• MTS NEGERI 2 PROBOLINGGO
  • MADRASAH MANDIRI BERPRESTASI

Lima Pramuka Elit MTsN 2 Probolinggo Hadiri Renungan Suci HUT ke-81 Kemerdekaan RI di TMP Kraksaan

KRAKSAAN – Malam menjelang peringatan Hari Ulang Tahun (HUT) ke-81 Kemerdekaan Republik Indonesia menjadi momentum penuh makna bagi lima anggota elit Pramuka Madahesa MTsN 2 Probolinggo. Dalam suasana sunyi dan khidmat, mereka mendapat kehormatan mengikuti Malam Renungan Suci di Taman Makam Pahlawan (TMP) Kraksaan, Sabtu malam, 15 Agustus 2026.

Kegiatan tersebut merupakan bagian dari rangkaian peringatan HUT ke-81 Kemerdekaan Republik Indonesia Tahun 2026 dan diselenggarakan atas undangan Pemerintah Kabupaten Probolinggo.

Dari 30 peserta yang mendapatkan undangan khusus, sebanyak lima anggota Pramuka Madahesa dipercaya menjadi bagian dari kegiatan tersebut. Peserta lainnya berasal dari unsur Pramuka Penegak Kraksaan.

Lima anggota Madahesa yang ditugaskan mengikuti Malam Renungan Suci tersebut adalah Ilmi, Arya, Rafli, Adit, dan Rara.

Lima Anak Muda, Satu Amanah Kebangsaan

Bagi kelima anggota Madahesa, kehadiran di TMP Kraksaan bukan sekadar memenuhi undangan.

Di tempat para pahlawan bersemayam, mereka hadir membawa sebuah amanah moral: mengenang jasa para pejuang dan meneguhkan kembali arti kemerdekaan bagi generasi muda.

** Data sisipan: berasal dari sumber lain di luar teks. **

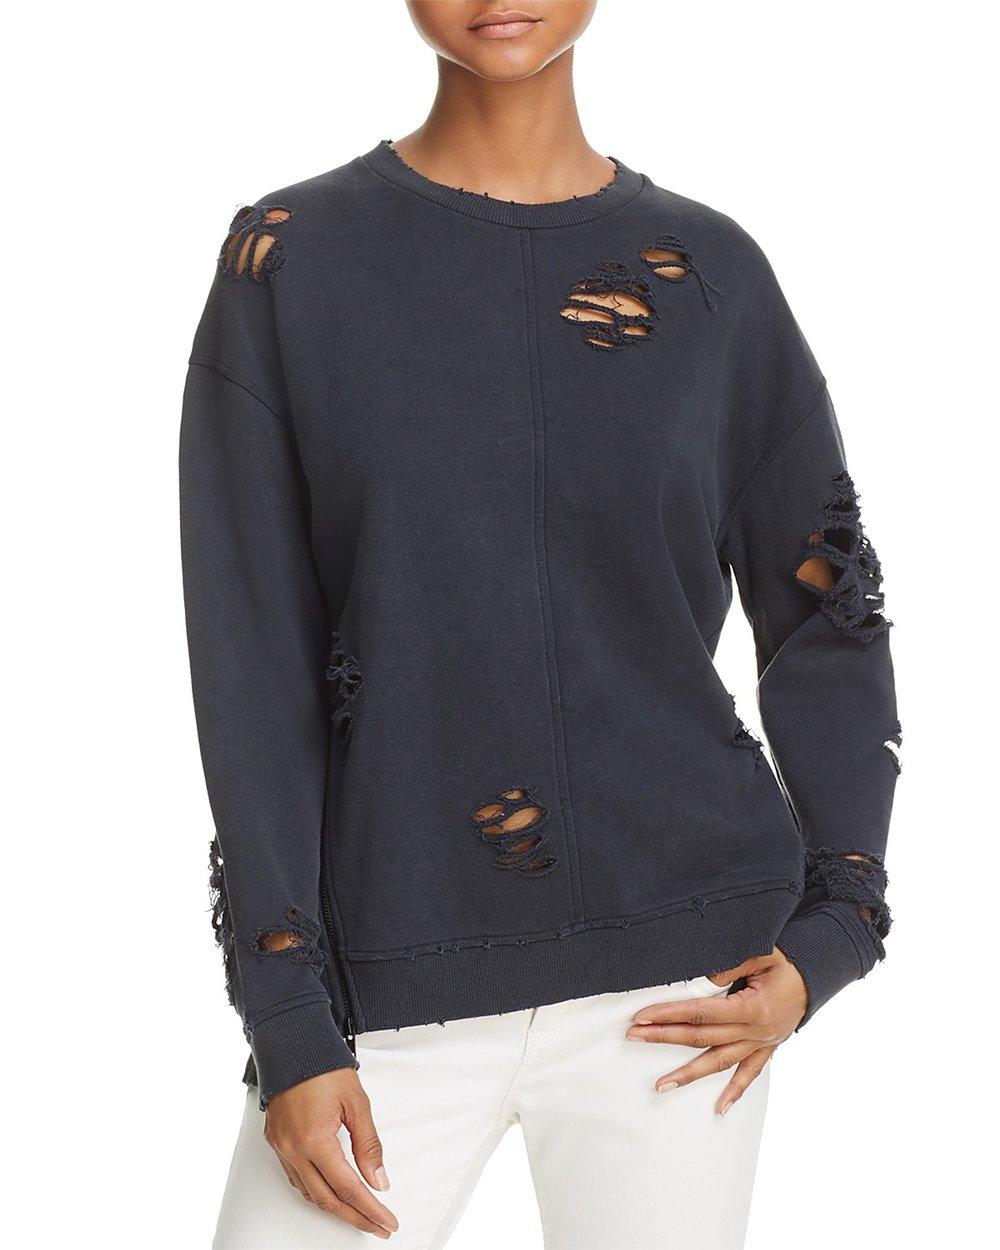 Joe's Jeans Lyndon Distressed Sweatshirt

Malam Renungan Suci memiliki suasana yang berbeda dengan kegiatan peringatan kemerdekaan lainnya. Tidak ada sorak-sorai. Tidak ada panggung hiburan. Yang hadir justru keheningan, cahaya yang temaram, dan suasana penuh penghormatan.

Dalam keheningan itulah generasi muda diajak kembali mengingat bahwa kemerdekaan Indonesia tidak lahir dengan mudah.

Ada perjuangan, pengorbanan, keberanian, dan ketulusan para pendahulu bangsa yang menjadi fondasi berdirinya Republik Indonesia.

Kehadiran lima anggota Madahesa menjadi simbol bahwa estafet perjuangan tersebut kini berada di tangan generasi penerus.

Undangan Khusus Pemerintah Kabupaten Probolinggo

Keikutsertaan Madahesa dalam Malam Renungan Suci merupakan bagian dari undangan khusus yang diberikan oleh Pemerintah Kabupaten Probolinggo.

Sebanyak 30 peserta mendapatkan kesempatan mengikuti kegiatan tersebut. Lima peserta di antaranya merupakan anggota Pramuka Madahesa MTsN 2 Probolinggo, sementara peserta lainnya berasal dari unsur Pramuka Penegak Kraksaan.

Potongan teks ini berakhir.